Sucrose was the carbon source in Czapek's agar. The sucrose was adjusted to either 8.8 or 88 mM.

Nitrate was the nitrogen source in Czapek's agar. The nitrate was adjusted to either 3.5 or 35 mM.

The interaction between sucrose (8.8 or 88 mM) and nitrate (3.5 or 35 mM) concentrations in Czapek's agar was tested with a factorial analysis of variance.

Asparagine, the sole carbon and nitrogen source in asparagine agar, was adjusted to either 15 or 150 mM.
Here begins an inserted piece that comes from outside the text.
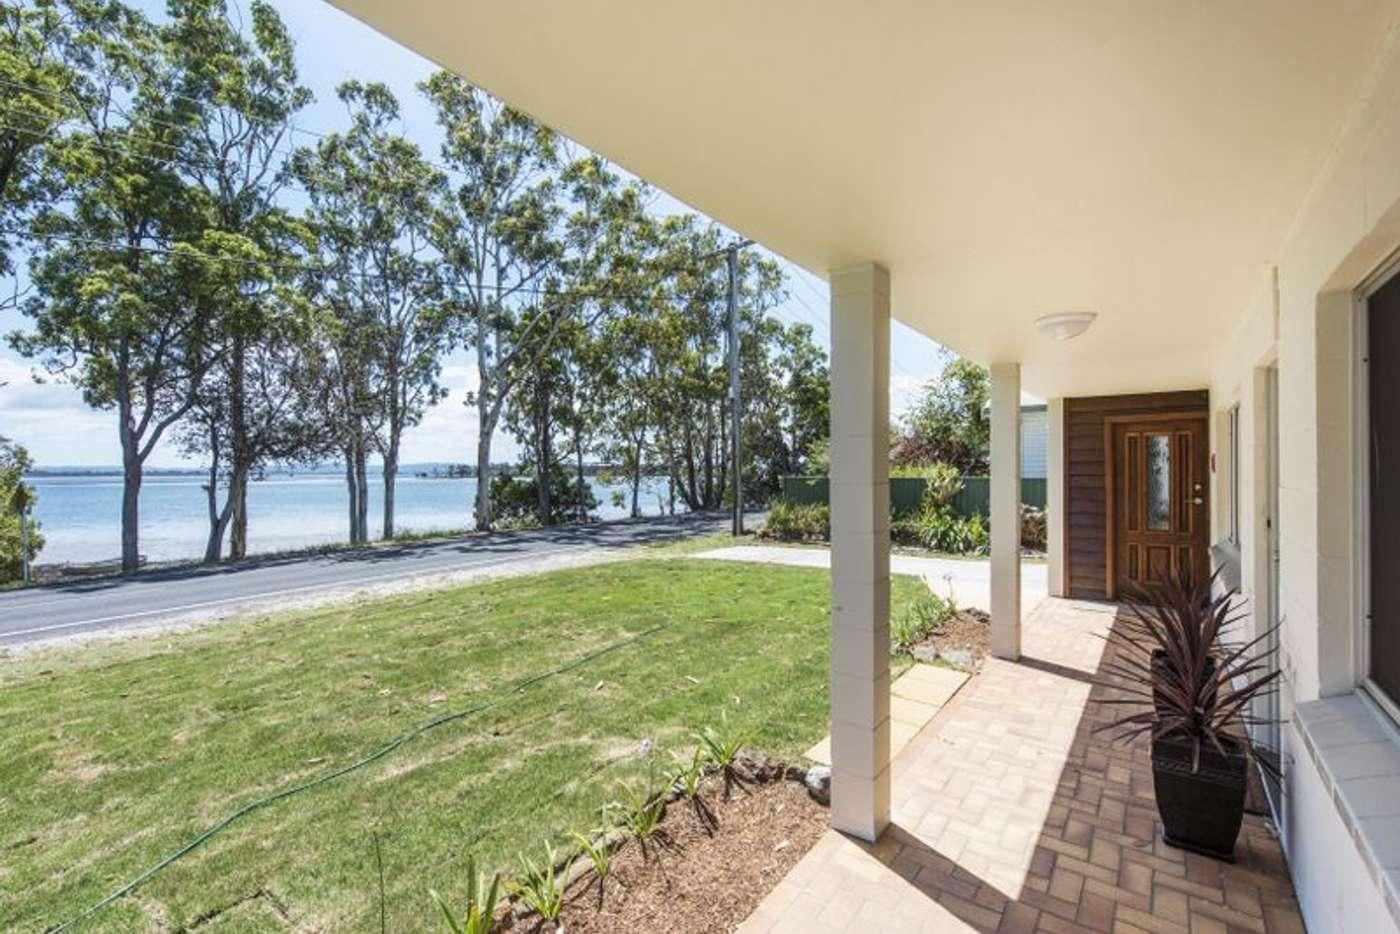 Main view of Homely house listing, 3B Duke Street, Iluka NSW 2466

Fig 4 — Outcomes of competition between paired *A. flavus* isolates during cocultivation on agar media with various sources and concentrations of carbon and nitrogen. For Czapek's (Cz) treatments, sucrose (S) and nitrate (N) were the carbon and nitrogen sources, respectively (1× Cz, 88 mM sucrose, 35 mM nitrate; 0.1× Cz, 8.8 mM sucrose, 3.5 mM nitrate; 0.1× N, 88 mM sucrose, 3.5 mM nitrate; 0.1× S, 8.8 mM sucrose, 35 mM nitrate). Asparagine (Asp) treatments contained asparagine as both the sole carbon and nitrogen sources (1× Asp, 150 mM asparagine; 0.1× Asp, 15 mM asparagine). The percentages of isolates from either conidia or mycelia are indicated along the y axes. For each pair, the isolate indicated on the primary y axis is represented by dark-gray bars and the isolate indicated on the secondary y axis is represented by light-gray bars. Percentages labeled with the same letter are not significantly different by Tukey's Studentized range test (n = 6). The agar was seeded with equal quantities of each isolate (50%), and the asterisks indicate isolate percentages significantly different from 50% following cocultivation. The error bars indicate 1 SE.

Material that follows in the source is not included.